Seasonal workers regularly move across the border between South Africa and Zimbabwe, resulting in the frequent passage of poached wildlife and smuggled goods. Locally, poachers sell game meat to restaurants in Beitbridge, but their networks also extend to South Africa.
According to Phil Palmer, owner of Nengasha Safaris, Ndou is one of dozens of rangers shot every year by poachers belonging to Zimbabwe’s poaching networks in the country’s south; meanwhile, in northern Zimbabwe, poaching operations have transnational networks that reach as far as China. Palmer said that in recent months Beitbridge’s poachers had become more sophisticated in their approach to stealing wild game and firewood. ‘These are well-organized poachers. It’s a strong concern that they move around with large packs of dogs and getaway vehicles. In one night, we can lose up to 10 impala or a kudu bull, which is worth quite a lot of money,’ he said.
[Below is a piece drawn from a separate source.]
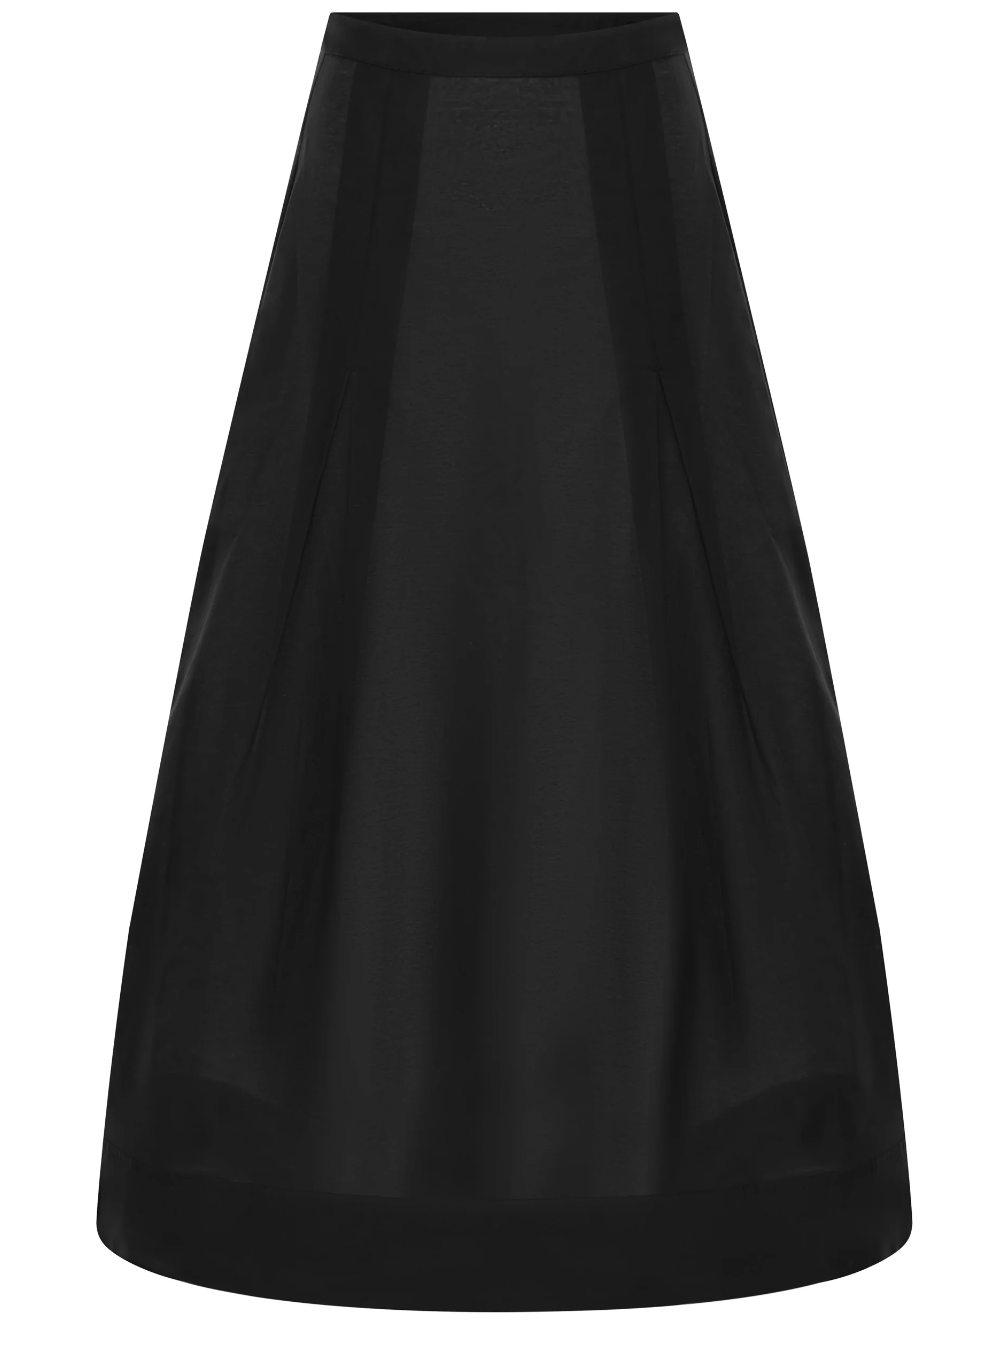 The Cyprus Skirt

Since 2018, Nengasha’s rangers have retrieved more than 500 snares.
As a local whose family had lived on the land for generations, Bino Ndou felt he was entitled to hunt game and sell it as a livelihood. ‘It’s my right,’ he reportedly said to Tshabalala a few days after Ndou’s murder. According to Tshabalala, people in the surrounding villages, such as Makhakhule, or Nzambe, where Bino came from, claim they have a perpetual right to the wildlife that thrives on their traditional land. As Palmer points out, Nottingham Estates’ hunting concession entitles the local communities to only a portion of the profits made by wildlife activities, such as hunting paid for by tourists, or to buy hunted carcasses at a subsidized rate.
Elsewhere in Zimbabwe, under the Communal Areas Management Programme for Indigenous Resources, known as Campfire, local communities receive full or partial benefits from hunting licences that are sold to trophy and sport hunters.
According to the International Union for Conservation of Nature, one of the biggest threats to wildlife in east and southern Africa is the bushmeat trade. The rampant nature of poaching has a severe impact on tourism revenue, and researchers estimate that, in Zimbabwe, the financial impact of illegal hunting is at least US$1.1 million annually.
Poaching thrives in Zimbabwe’s communal areas because of weak penal systems, enabling the illicit practice to continue, with some of the produce being taken across the border to South Africa. According to Palmer, bushmeat is also sold to artisanal miners in West Nicholson, a rural town some 150 kilometres north of Beitbridge, who smuggle gold to South Africa.
Poverty, unemployment and poor border controls are some of the underlying reasons that young men are lured into joining poaching rings, some of which have affiliates among the politically connected in Beitbridge or wealthy kingpins south of the Limpopo River. In the past, criminal networks, such as the notorious Musina Mafia, a gang of rich South Africans, have supplied Zimbabwean poachers with rifles to kill rhino for their horns and zebra for their skins.
Bino Ndou admitted he had committed the crime, but did not say who he was working for. He was sentenced to 15 years in jail; Sifelani, his accomplice, was given a fine.
Two years after Ndou’s death, his workmates are still bitter about the incident. They are also afraid that the poaching gangs may one day come after them. Upon discovering a fresh set of footprints, just a few hours old, near the place where Ndou had been shot, Rabson Mabhena, a Nengasha ranger, sighed: ‘They’ve just shot someone. These poachers don’t care; they are greedy. What happens if tomorrow they come for us?’ he asked.